Tuesday, June 3, 2014

The Battle of Lewes

The remains of Lewes Castle
King John wasn't the only English monarch who had his barons turn against him (forcing him to sign the Magna Carta). Another constitutional crisis arose a mere 50 years later during the reign of Henry III.

Henry lived a lavish lifestyle that demanded lots of money, which he demanded from increased taxation. He also got involved in issues that the English barons felt were not necessary to England's interests. For instance, Henry "bought" the title of "King of Sicily" from Pope Innocent IV by funding a war with the rulers of Sicily at that time, the Hohenstaufens. Henry wanted the title for his second son, Edmund. When funding for the war ran out, and victory was no longer in sight, Innocent reneged on the deal and gave the title to Charles of Anjou.

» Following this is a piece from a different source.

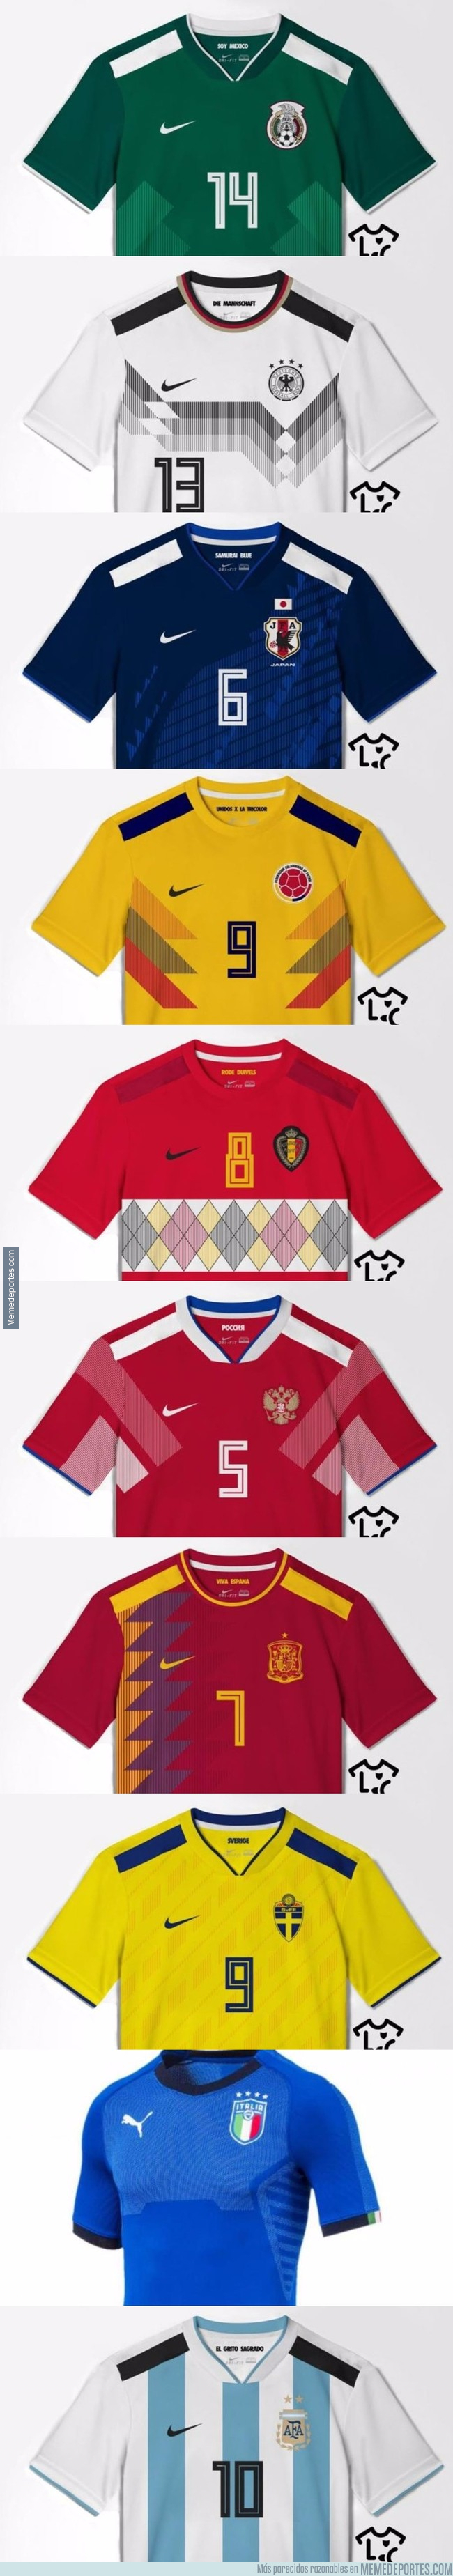 1005771 - Las 10 camisetas que se filtraron para el Mundial de Rusia 2018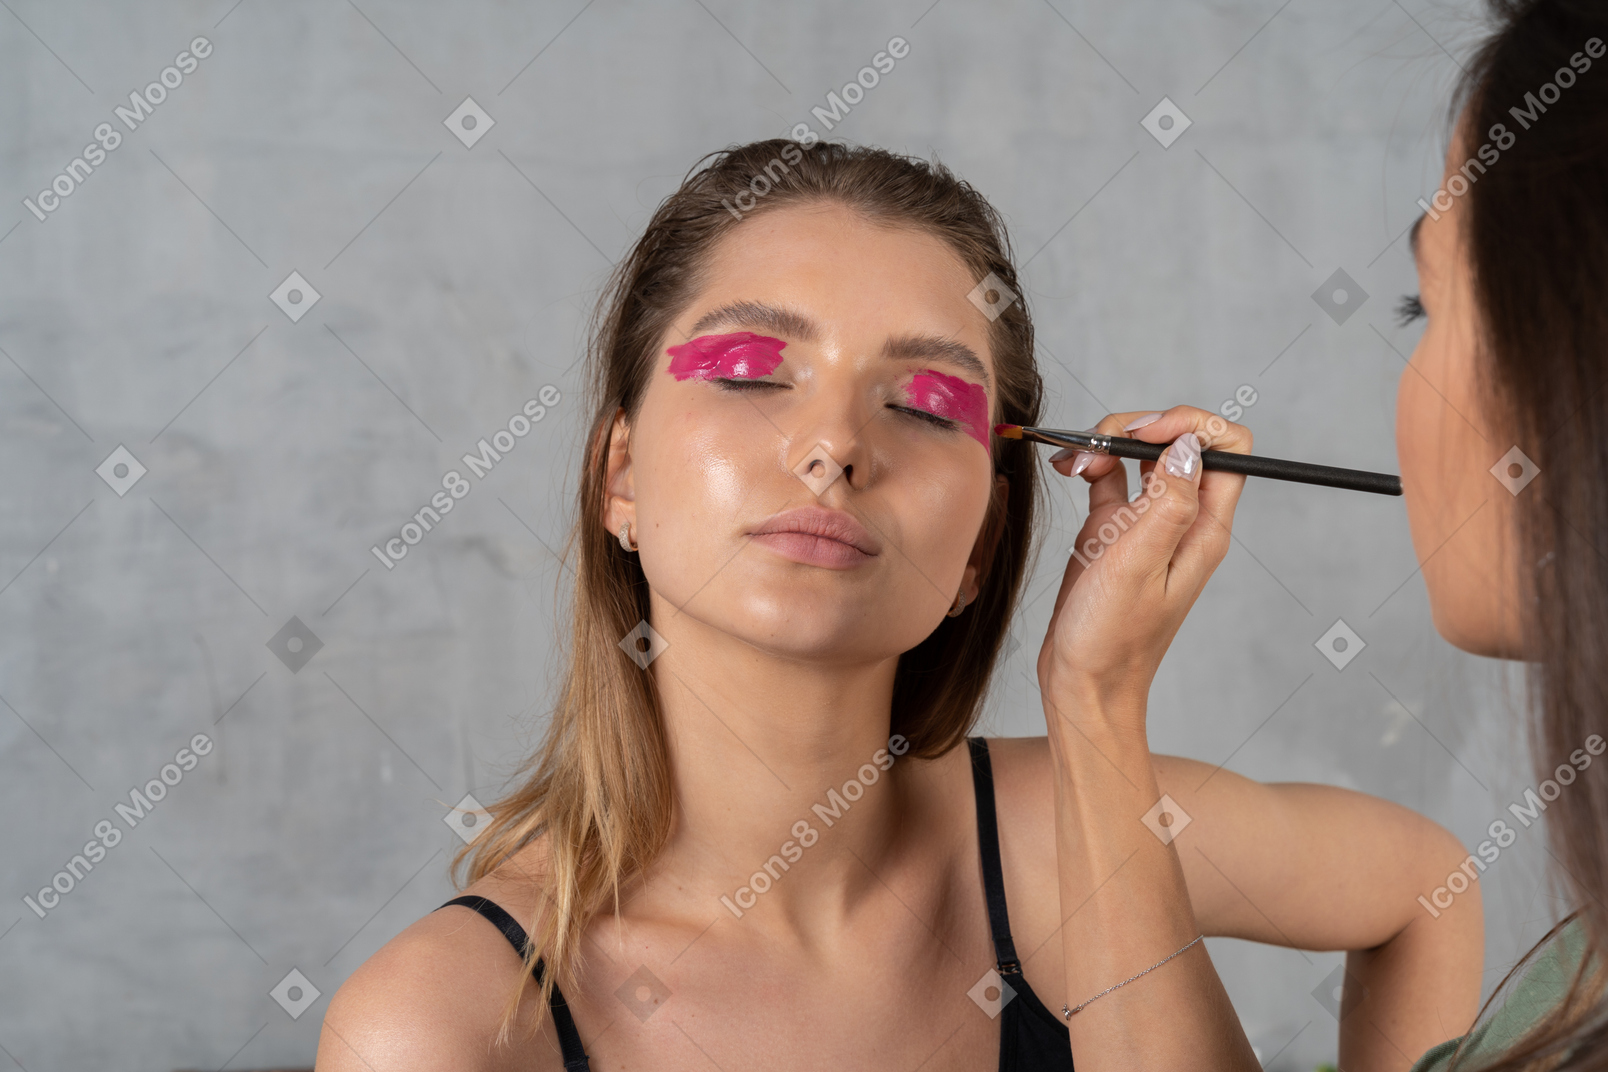 Retrato de uma jovem com os olhos fechados esperando que sua maquiagem seja finalizada

The barons, led by Simon de Montfort, tried to control Henry with, among other things, the 1258 Provisions of Oxford, reducing his powers. Henry got a dispensation from the pope in 1261 that released him (in his eyes) from the Provisions, and the barons and the forces loyal to Henry started arming for civil war.

A turning point came on 14 May 1264, at the Battle of Lewes. Henry was ensconced in Lewes Castle in Sussex, but left it to attack de Montfort's forces. Part of Henry's army was under his command, and part under that of Prince Edward (later King Edward I). Edward's cavalry drove off the attackers, but Edward pursued them, leaving his father outnumbered by the remaining de Montfort men. Captured, Henry was forced to sign an agreement called the Mise* of Lewes, giving control of government over to Simon de Montfort.

Constitutional historians do not recognize de Montfort as a king, even though he was controlling the government for about a year. His support faded, and Prince Edward raised an army a year later and defeated de Montfort at the Battle of Evesham, returning power to Henry.

*"Mise" is a rarely used word from French meaning "settlement."